HUNTSVILLE, Ala., November 20, 2006 – Intergraph Corporation (NASDAQ: INGR), a leading global provider of spatial information management (SIM) software, today announced that the stockholders of the Company voted to adopt the merger agreement providing for the acquisition of Intergraph Corporation by an investor group led by Hellman & Friedman LLC and Texas Pacific Group at a special meeting of the stockholders held today at Intergraph’s executive offices in Madison, Alabama.
Based on the preliminary tally of shares voted, approximately 99% of the shares of Intergraph common stock present and voting at the special meeting (in person or by proxy) voted in favor of the proposed merger agreement. The number of shares that voted to adopt the merger agreement represents approximately 73% of the total number of shares of Intergraph common stock outstanding and entitled to vote as of October 11, 2006, the record date for the special meeting.
The proposed merger was announced on August 31, 2006 and is expected to close by the end of November 2006, subject to the satisfaction or waiver of the conditions set forth in the merger agreement. Under the terms of the merger agreement, Intergraph stockholders will receive $44.00 per share in cash, without interest, for each share of Intergraph common stock held.
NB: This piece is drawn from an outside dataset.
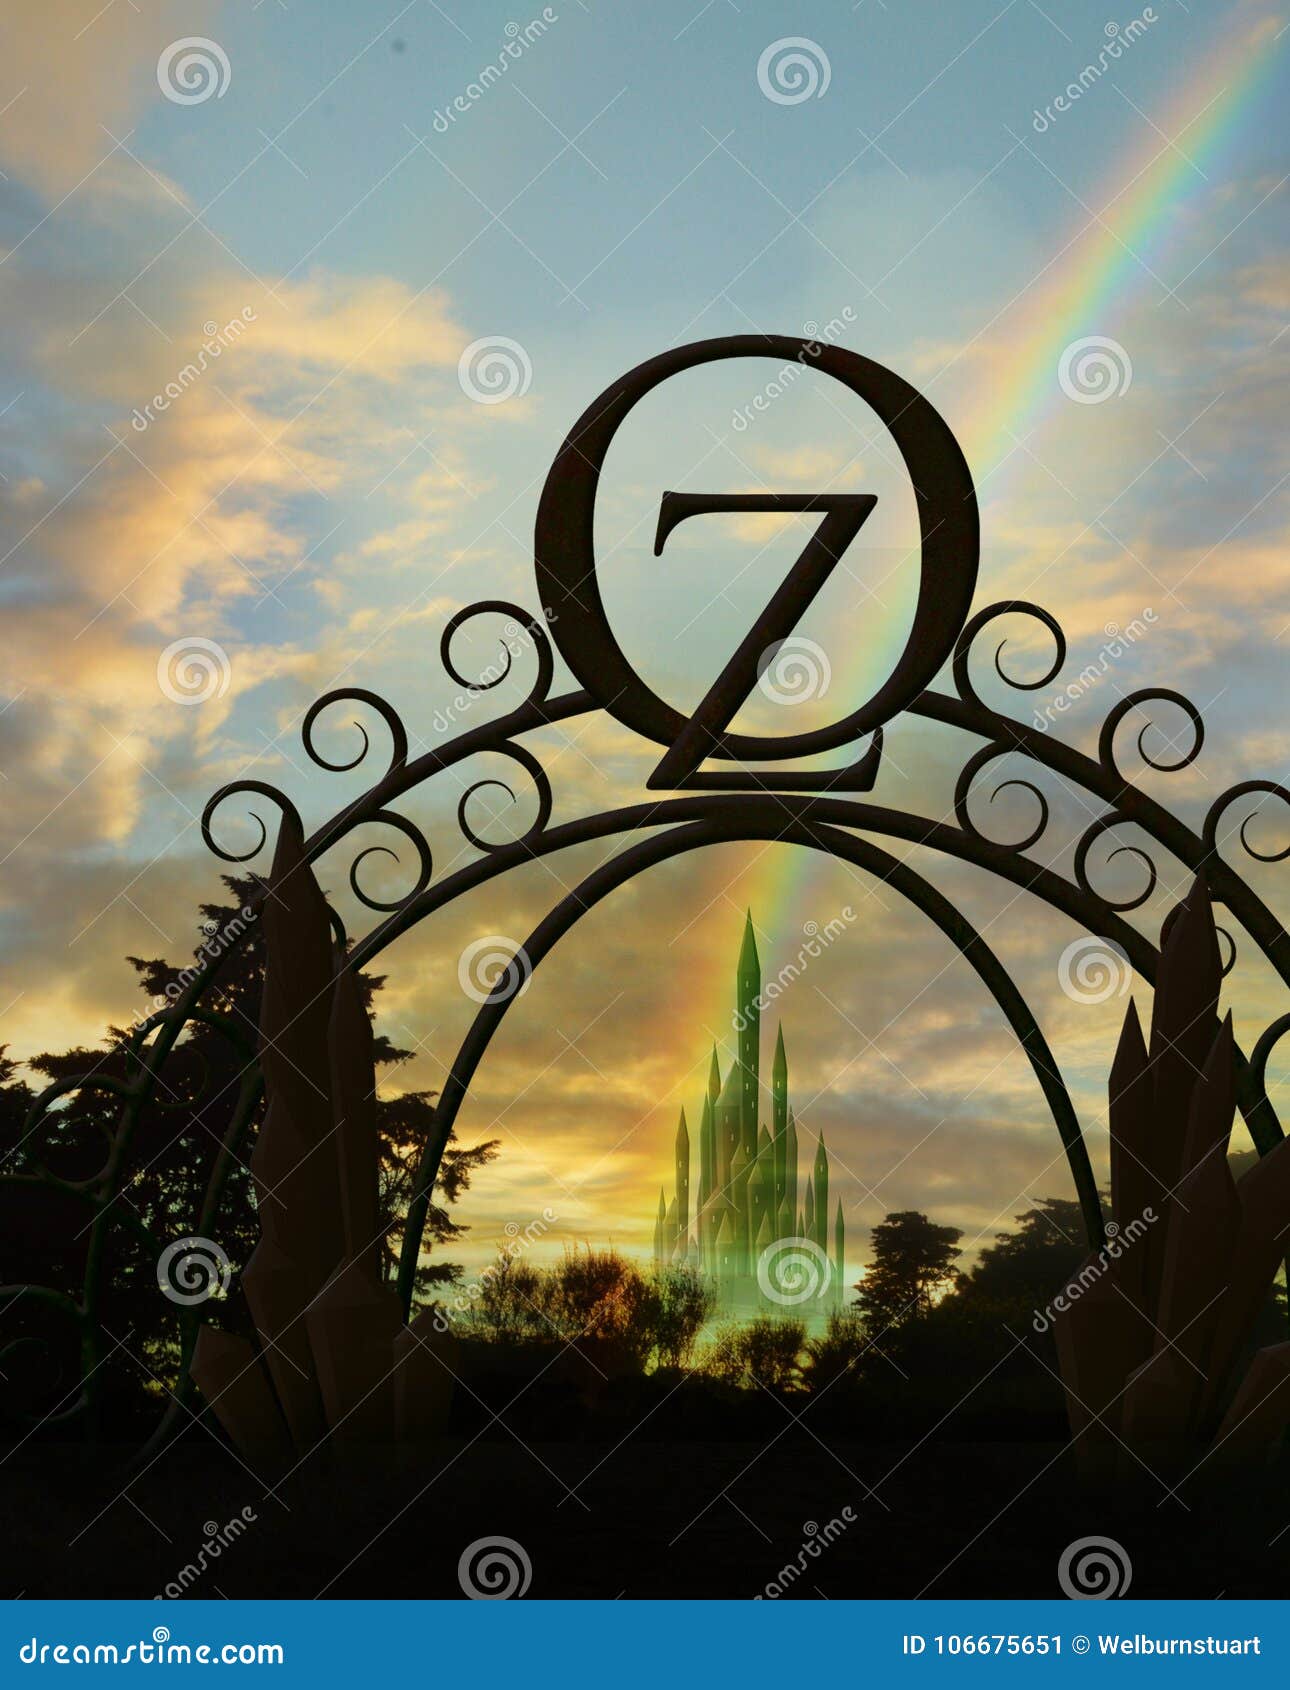 oz gateway with rainbow

Intergraph Corporation (NASDAQ: INGR) is a leading global provider of spatial information management (SIM) software. Security organizations, businesses and governments in more than 60 countries rely on the Company's spatial technology and services to make better and faster operational decisions. Intergraph's customers organize vast amounts of complex data into understandable visual representations, creating intelligent maps, managing assets, building and operating better plants and ships, and protecting critical infrastructure and millions of people around the world. For more information, visit www.intergraph.com.
This press release contains forward-looking statements based on estimates and assumptions. Those forward-looking statements include all statements other than those made solely with respect to historical fact. Numerous risks, uncertainties and other factors may cause actual results to differ materially from those expressed in any forward-looking statements. These factors include, but are not limited to, (1) the occurrence of any event, change or other circumstances that could give rise to the termination of the merger agreement, including a termination that under circumstances could require Intergraph to pay a $33.14 million termination fee; (2) the outcome of any legal proceedings, or proposed settlements thereof, that have been or may be instituted against Intergraph and others relating to the merger agreement; (3) the failure of the merger to close for any reason, including the inability to complete the merger due to the failure to satisfy the conditions to consummation of the merger, or the failure to obtain the necessary debt financing arrangements set forth in commitment letters received in connection with the merger, and the risk that any failure of the merger to close may adversely affect Intergraph’s business and the price of Intergraph common stock; (4) the potential adverse effect on Intergraph’s business, properties and operations of any covenants Intergraph agreed to in the merger agreement; (5) risks that the proposed transaction diverts management’s attention and disrupts current plans and operations, and the potential difficulties in employee retention as a result of the merger; (6) the effect of the announcement of the merger and actions taken in anticipation of the merger on Intergraph’s business relationships, operating results and business generally; (7) the amount of the costs, fees, expenses and charges related to the merger; and (8) other risks detailed in Intergraph’s current filings with the Securities and Exchange Commission, including Intergraph’s most recent filings on Forms 8-K, 10-Q and 10-K. Many of the factors that will determine the outcome of the subject matter of this press release are beyond Intergraph’s ability to control or predict. Intergraph undertakes no obligation to revise or update any forward-looking statements, or to make any other forward-looking statements, whether as a result of new information, future events or otherwise, except as required by law.
Intergraph and the Intergraph logo are trademarks or registered trademarks of Intergraph Corporation or its subsidiaries in the U.S. and other countries. All other trade names are trademarks or registered trademarks of their respective holders.